In summary, Neural Reconstruction from Sora shows

Geometric Consistency
Sora still lacks full geometric consistency (3D) in its generated outputs.

SfM Performance
Despite this, SfM is sufficiently consistent to operate effectively.

Human Perception
Neither Sora's nor NeRF/3D GS's outputs appear particularly strange when viewed normally. This may be because humans focus more on the content within and between scenes rather than attempting to form a perfect 3D geometric understanding.

Future Potential
If video generation can consistently maintain content consistency, I believe geometric consistency will eventually be resolved. This is because real-world 3D shapes tend to be efficient and familiar.

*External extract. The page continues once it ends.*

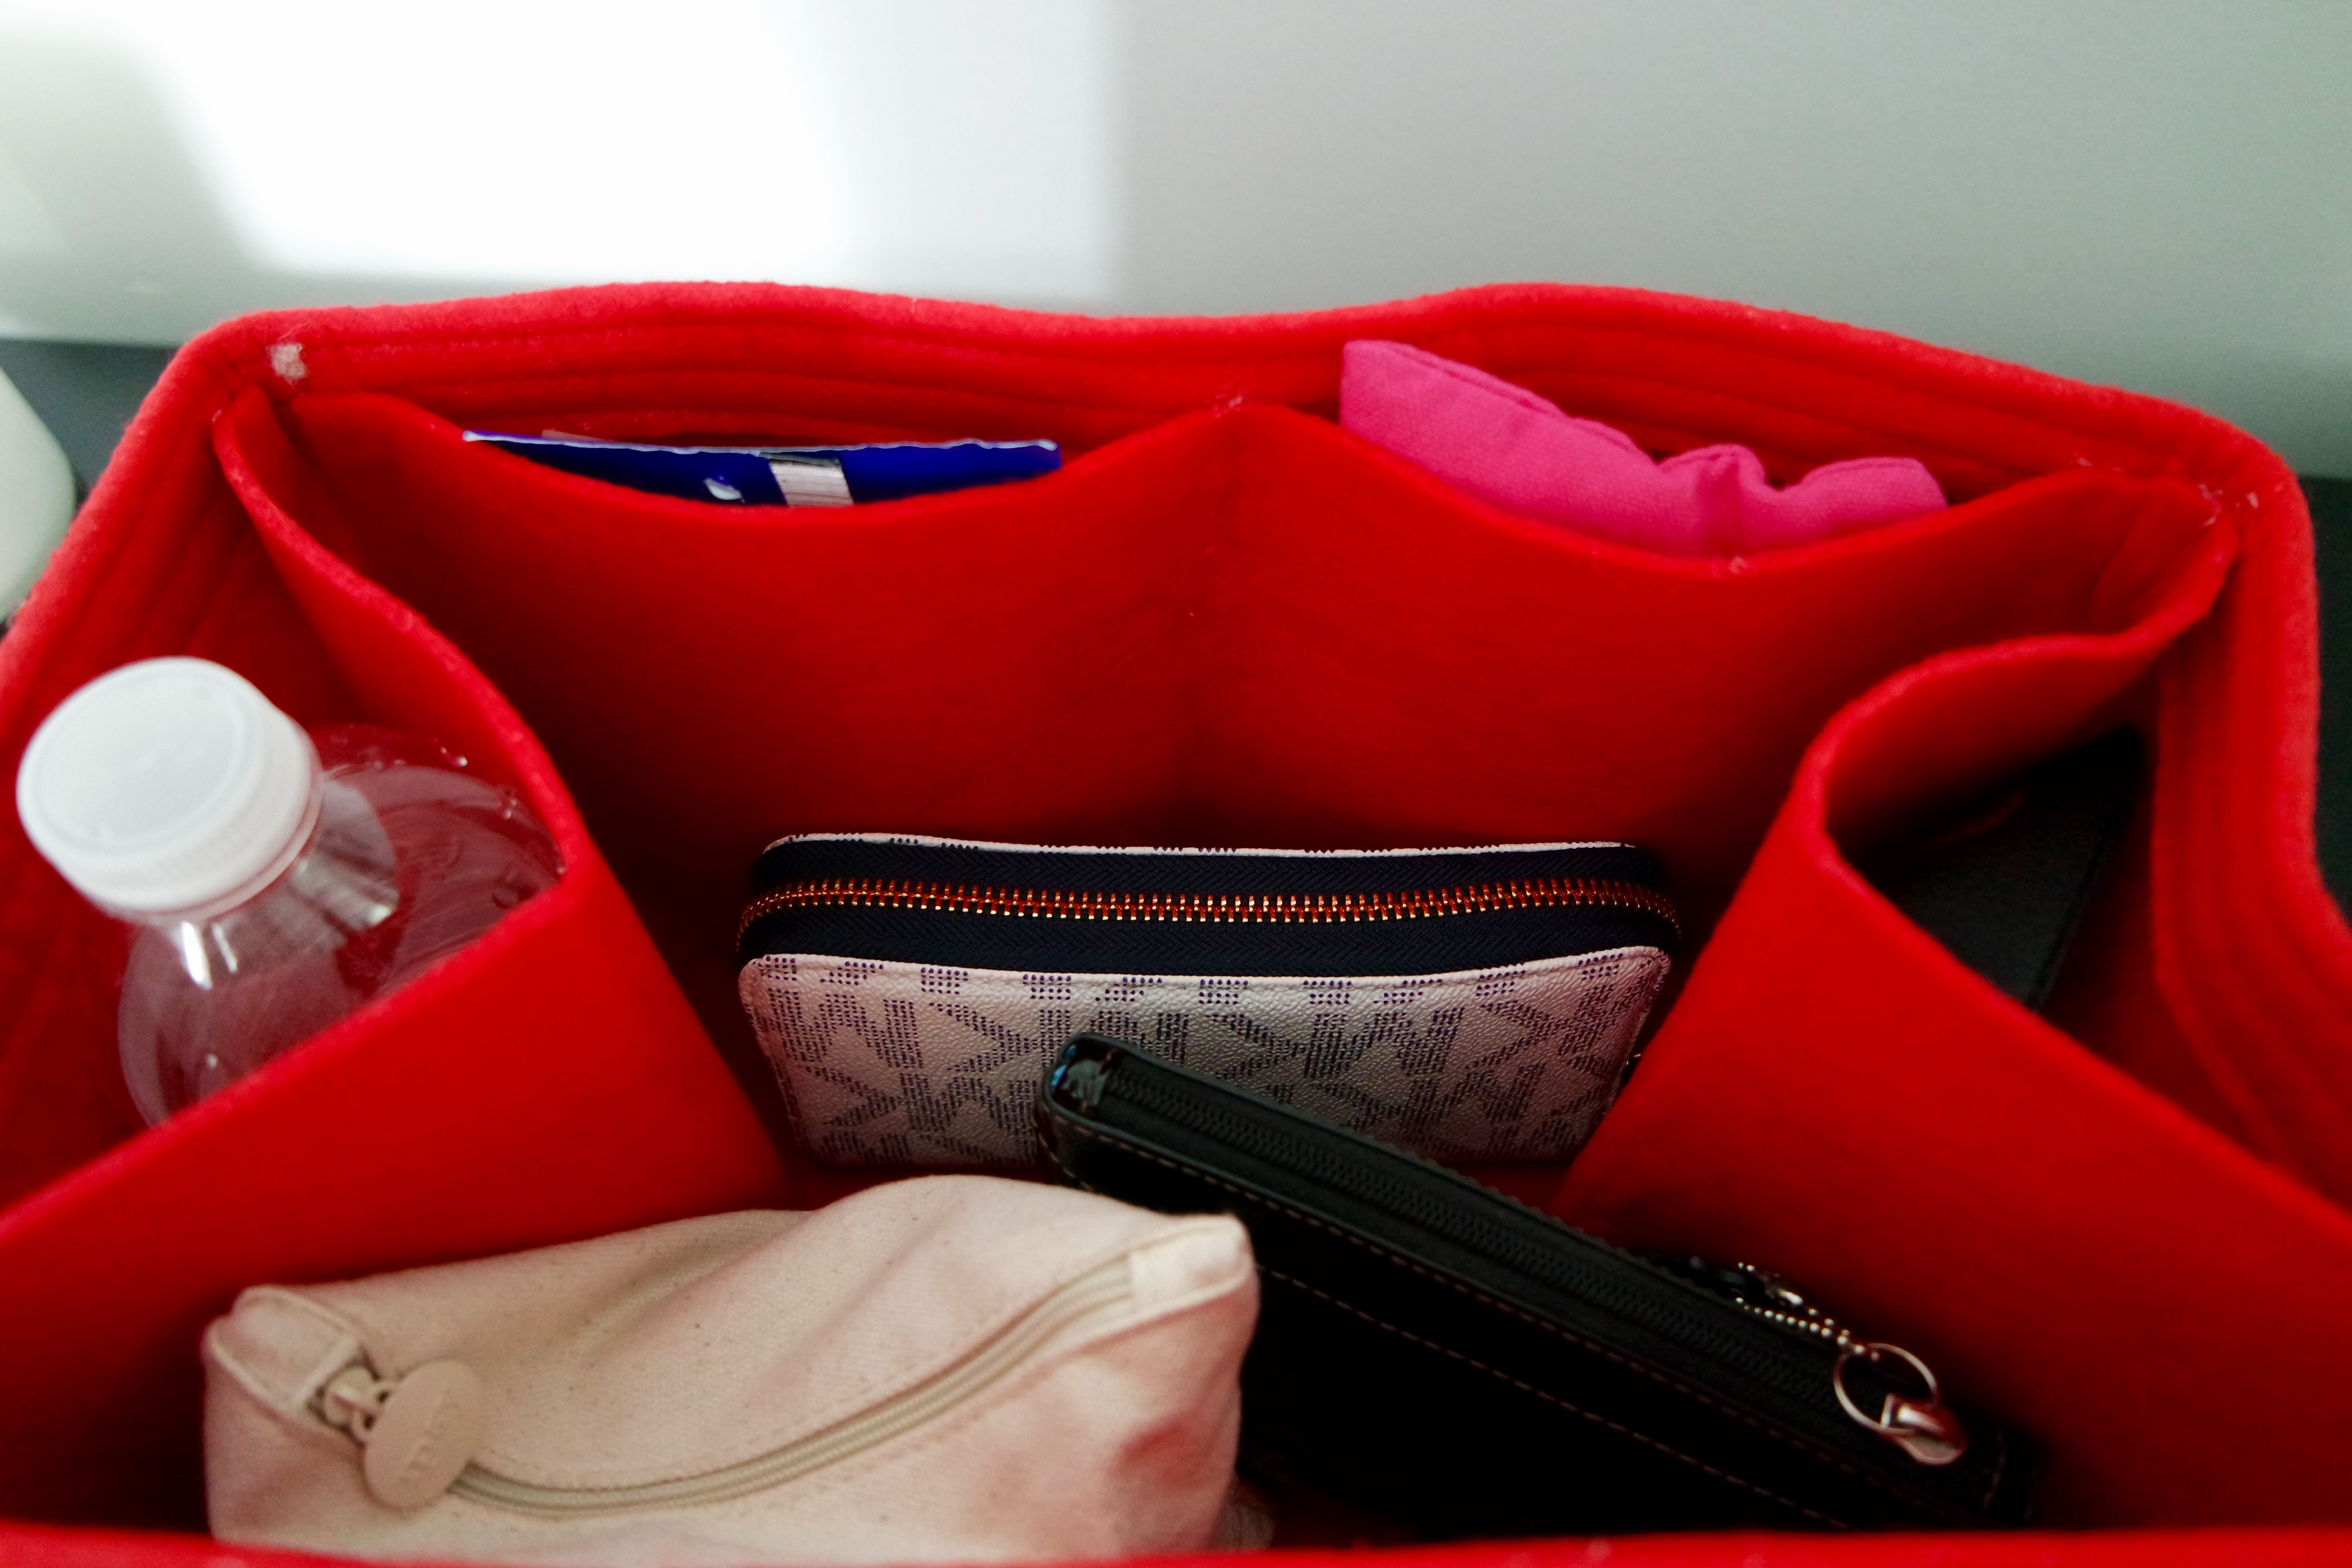 Finally got a bag - Samorga - perfect bag organizer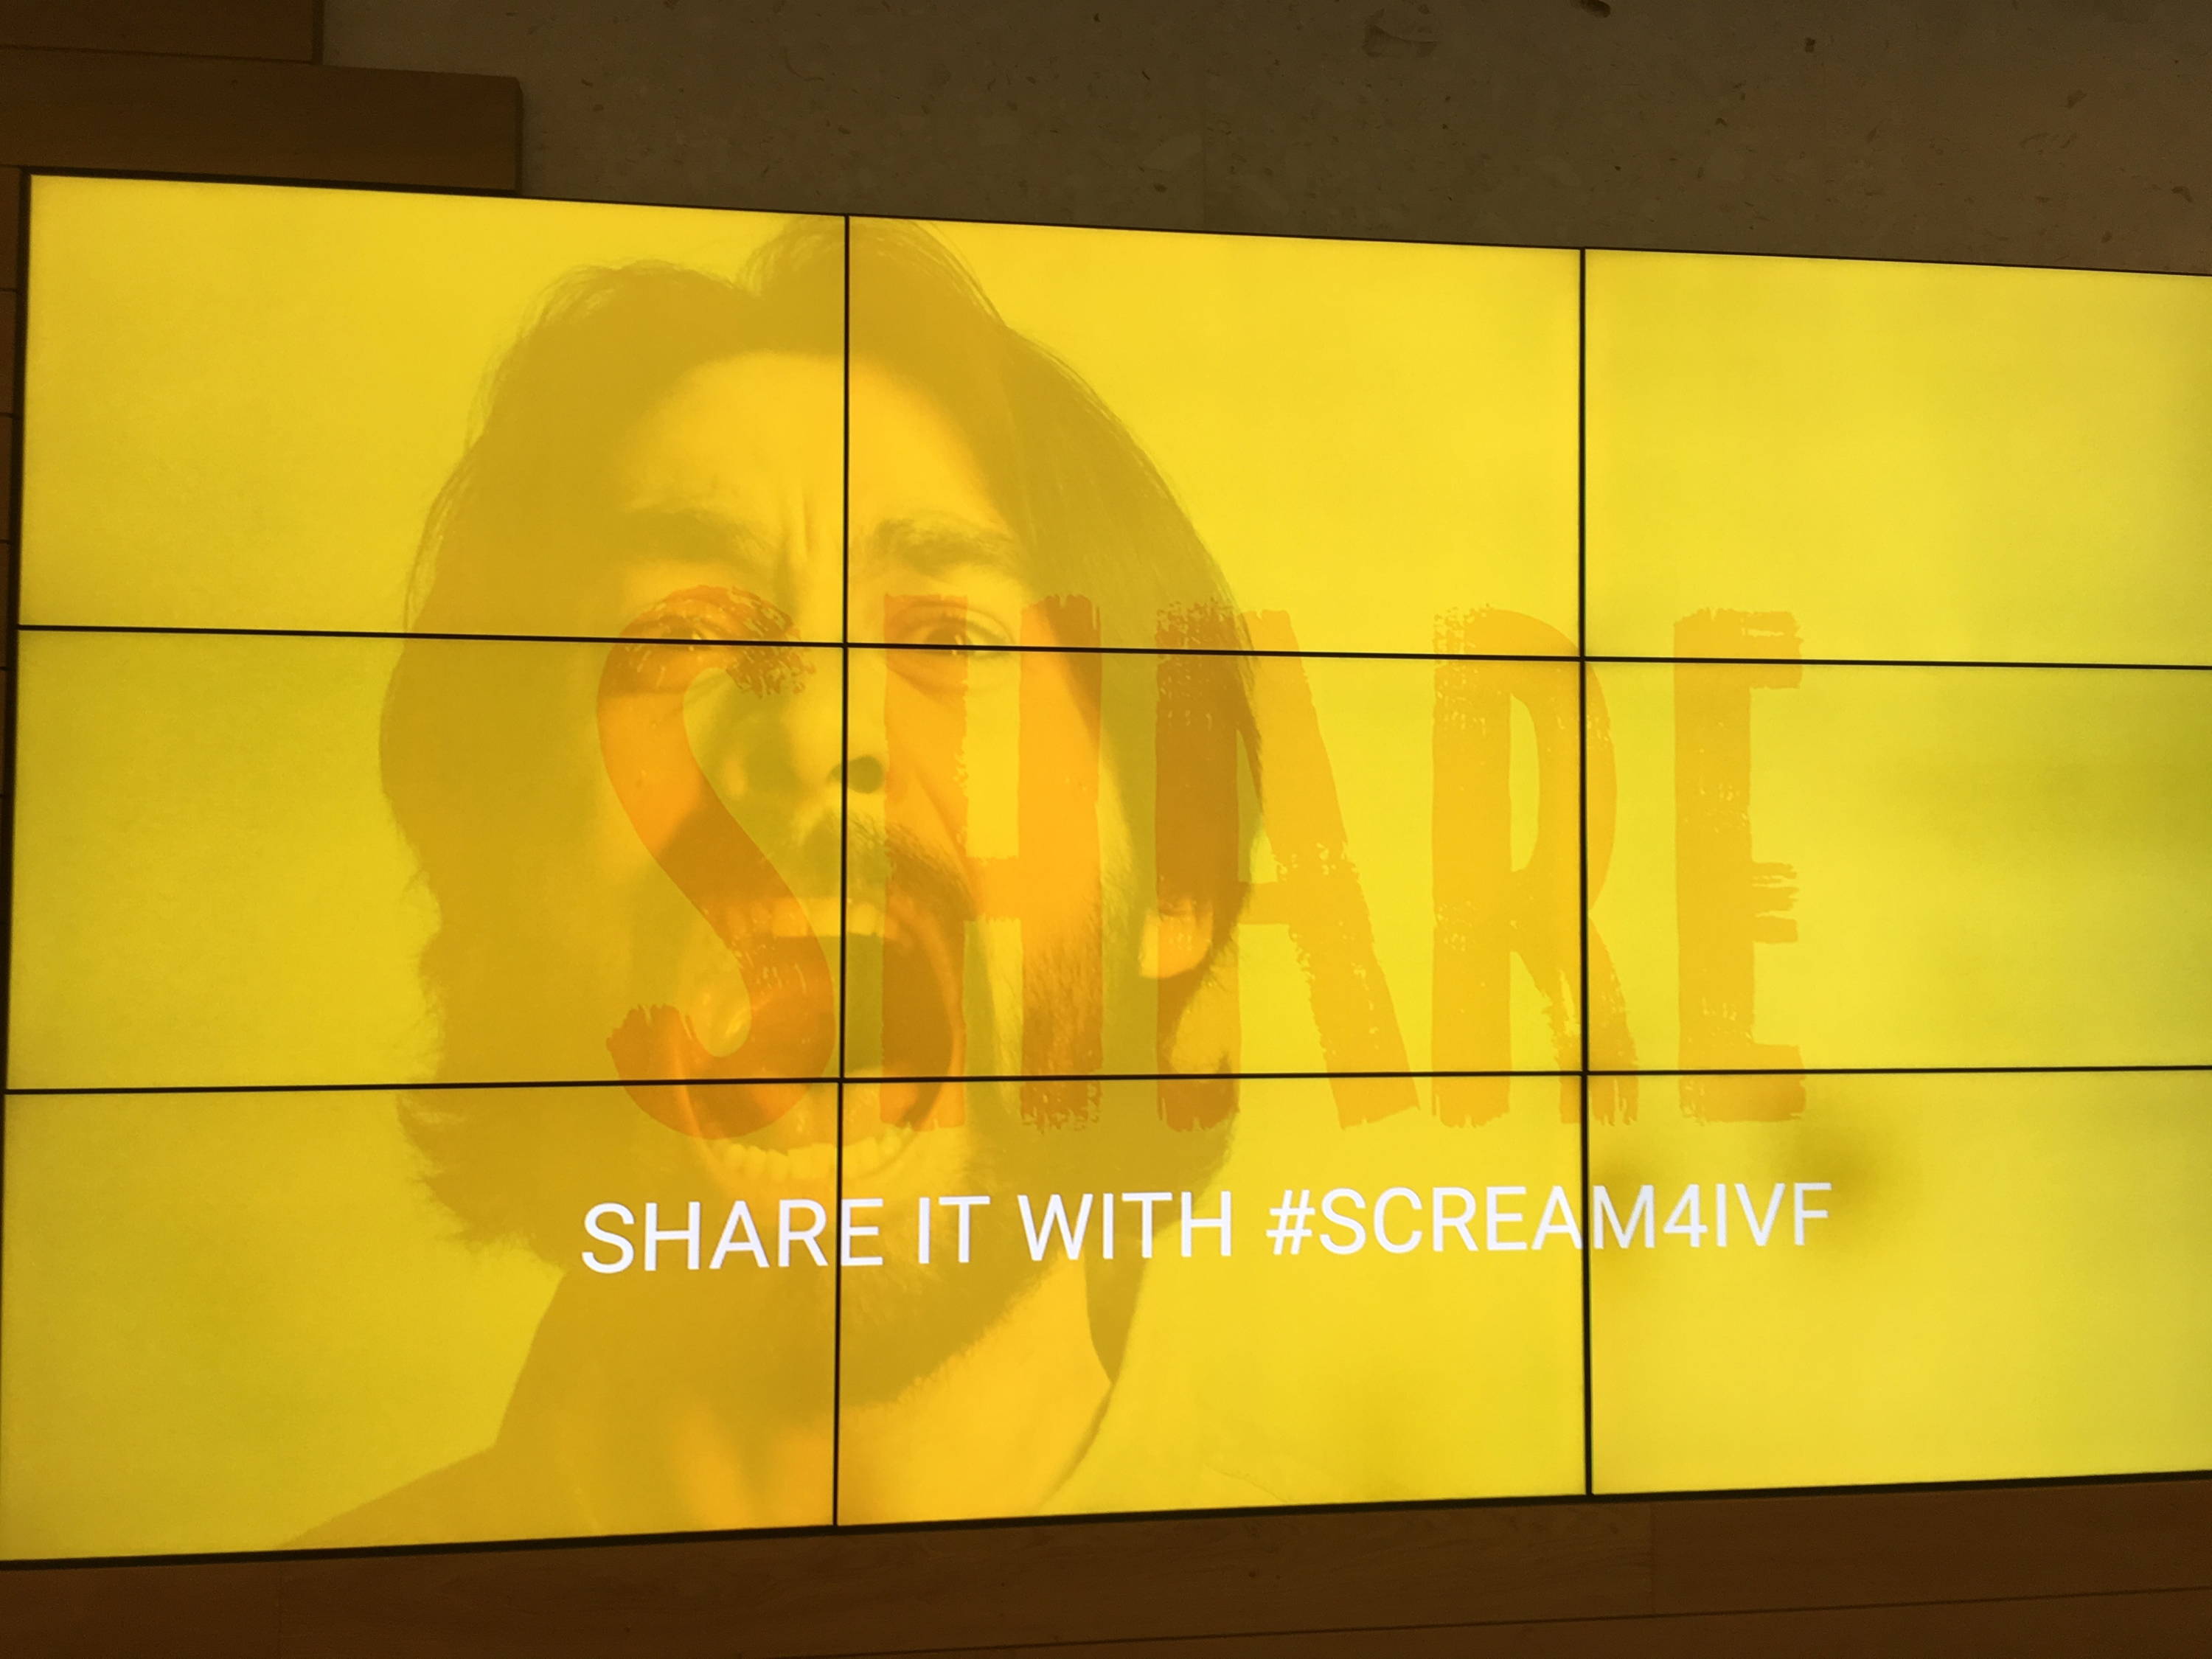 Scream Share It With #Scream4IVF

Given that this is just the first generation of Sora, its current performance is impressive. I am optimistic that within one or two more generations, models like Sora could generate videos that can be seamlessly reconstructed through neural rendering technologies for use in applications such as gaming. As a researcher, it is both exciting and humbling to witness such rapid progress, and I will be closely following OpenAI's advancements.